Figure 4: Uninduced pET26b-INPNC-HA (-IPTG) bacteria are not immunostained by anti-HA antibody.

Figure 5: Induced pET26b-INPNC-HA (+IPTG) bacteria are strongly immunostained by anti-HA antibody, indicating surface expression.

Finally, to determine whether we could display our HA-tagged DARPin on the surface of E. coli, we stained INPNC-DARPin-HA expressing bacteria and found strong immunofluorescence under the induced condition (Figures 6-7).

Figure 6: Uninduced pET26b-INPNC-DARPin-HA (-IPTG) bacteria are not immunostained by anti-HA antibody

Figure 7: Induced pET26b-INPNC-DARPin-HA (+IPTG) bacteria are strongly immunostained by anti-HA antibody, indicating surface expression.
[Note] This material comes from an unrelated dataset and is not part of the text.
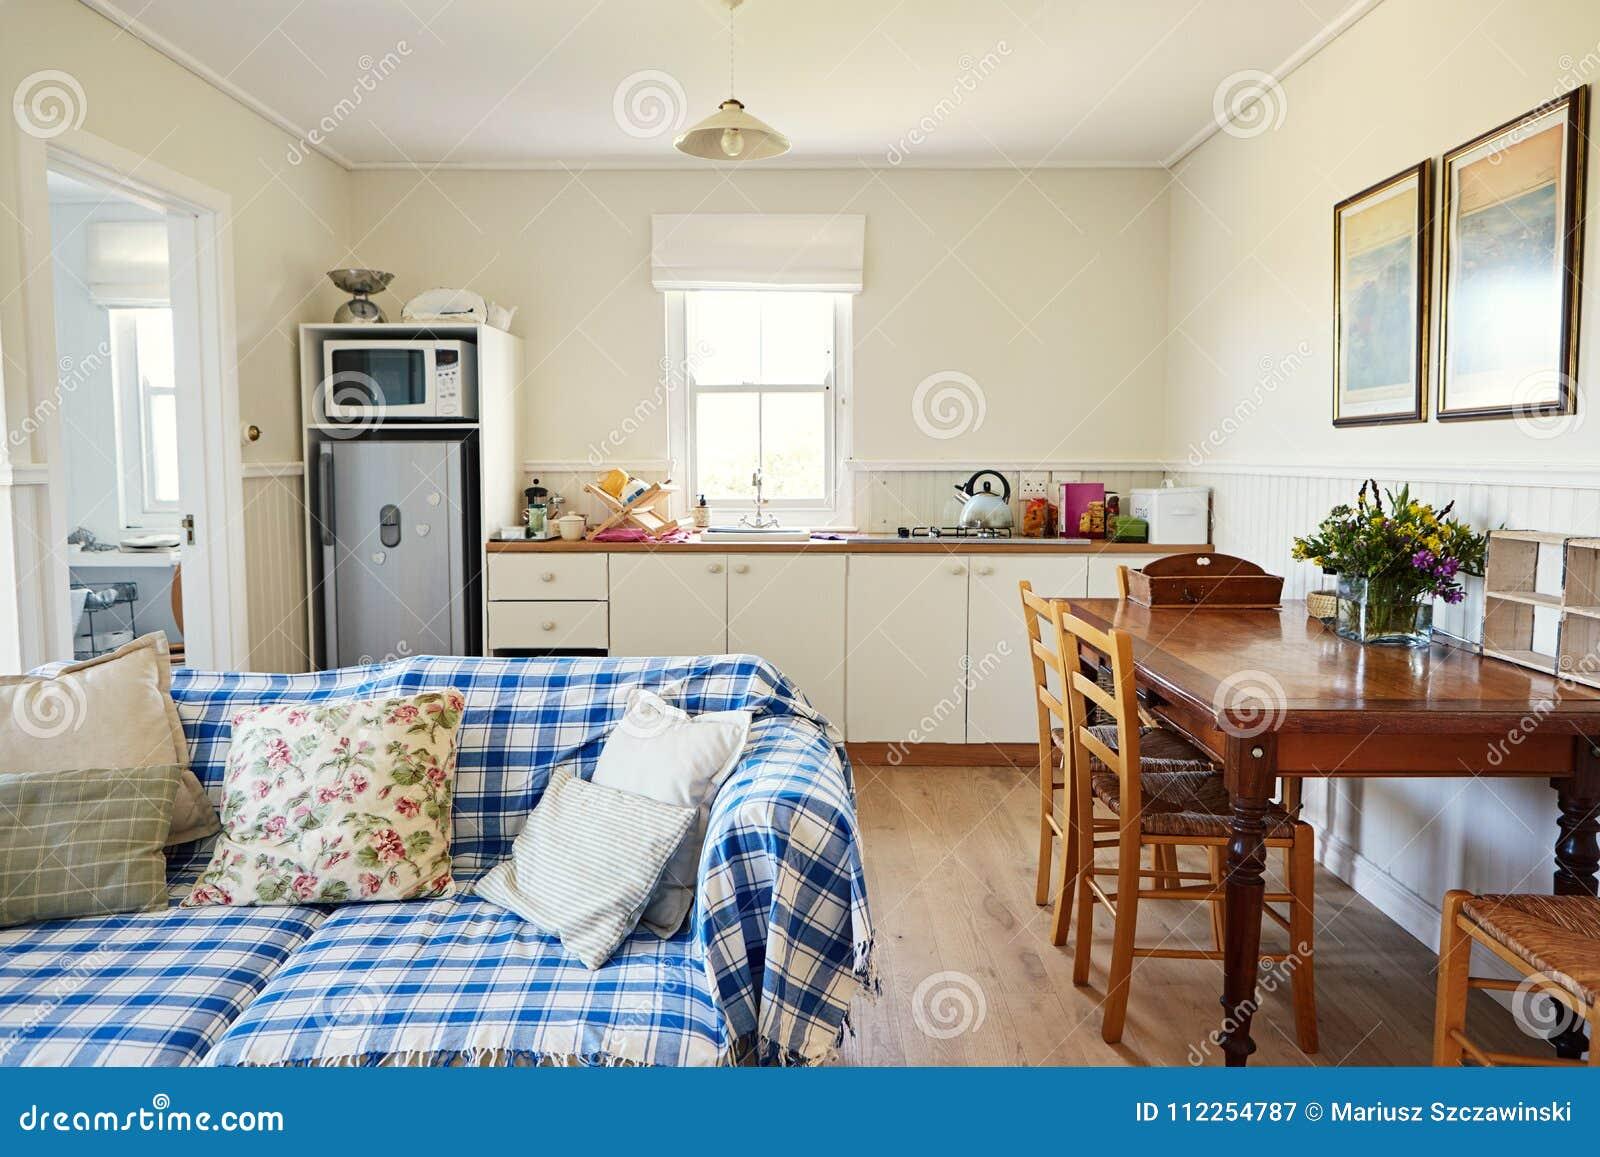 Woonkamer En Keuken In Een Klein Huis Van Het Land Stock Afbeelding ...

We also repeated the experiment without the antibody to rule out any possibility of autofluorescence. As expected, no fluorescence was detected when INPNC-DARPin-HA bacteria were not stained with the anti-HA Alexa-Fluor 647 antibody (Figures 8-9).

Figure 8: Uninduced pET26b-INPNC-DARPin-HA (-IPTG) (-AB) bacteria are not fluorescent.
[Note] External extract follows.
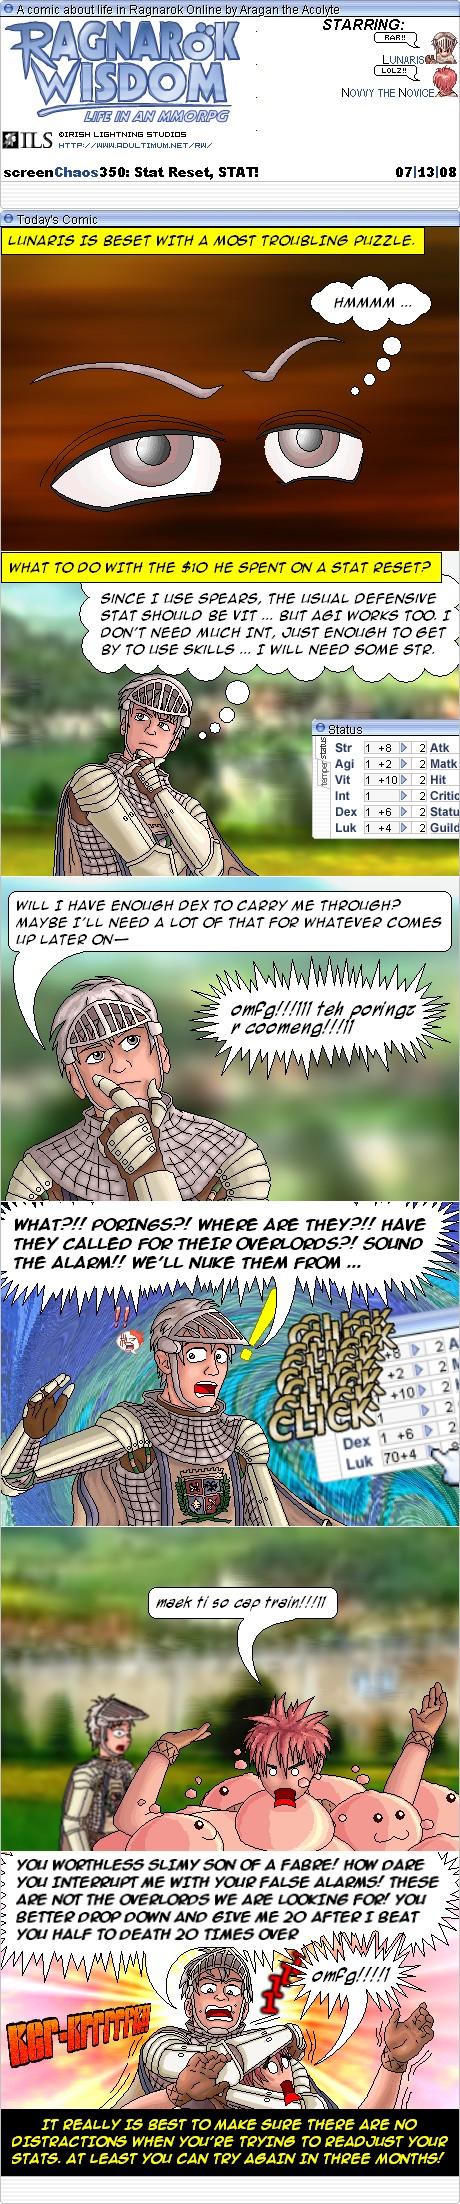 Comic #372

Figure 9: Induced pET26b-INPNC-DARPin-HA (-IPTG) (-AB) bacteria are not fluorescent..

All controls performed as expected, and we are very confident that our DARPin has been displayed on the surface of E. coli.

Testing the Displayed HER2 Darpin on Cancer Cells

After verifying that the DARPin was displayed on the cell surface, we sought to test whether it could allow binding to HER2-overexpressing cancer cells. We were generously provided SKBR3 cells by the lab of Matthew Lazzara. These cells are derived from breast cancer cells and over-express HER2. We also obtained Human Embryonic Kidney (HEK) 293T cells, which express a low amount of HER2, to act as controls.

To verify that our SKBR3 cells overexpressed HER2, we immunostained for HER2 (primary anti-Neu Mouse Igg, Santa Cruz Biotechnology and secondary donkey anti-mouse Alexa-Fluor 647 conjugate, Jackson Immunoresearch) and visualized the cells on a confocal microscope. As expected, HER2 was overexpressed in SKBR3 cells (Figure 10).

Figure 10: SKBR3 cells over-express HER2 on their surface. Red indicates HER2 (Alexa-Fluor 647), Blue indicates DAPI.

To assay whether our DARPin-displaying E. coli bound to SKBR3 cells preferentially, we conducted experiments in which our bacteria were co-incubated with SKBR3 or HEK293T cells. The DARPin-displaying bacteria were co-transformed with eGFP for easy visualization. These experiments are still in progress to optimize the co-incubation and gentamycin protection protocol (we designed this type of experiment ourselves since it has not been done before). However, preliminary results are exciting and show preferential binding to SKBR3 cells (Figures 11 and 12).

Figure 11: HEK293T cells do not express a large amount of HER2, and DARPin-displaying bacteria do not preferentially bind to them. Red indicates HER2 (Alexa-Fluor 647), Blue indicates DAPI. Green indicates eGFP. Bacteria were co-incubated at a Multiplicity of Infection of 200:1 and washed three times after co-incubation.

Figure 12: SKBR3 cells overexpress HER2 and DARPin-displaying bacteria bind to their surface. Red indicates HER2 (Alexa-Fluor 647), Blue indicates DAPI. Green indicates eGFP. Bacteria were co-incubated at a Multiplicity of Infection of 200:1 and washed three times after co-incubation.

In summary, we demonstrated surface display of DARPin H10-2-G3 for the first time and have preliminary evidence showing our DARPin-displaying bacteria can target cancer cells. We also developed a generalized surface display BioBrick for any iGEM team to use.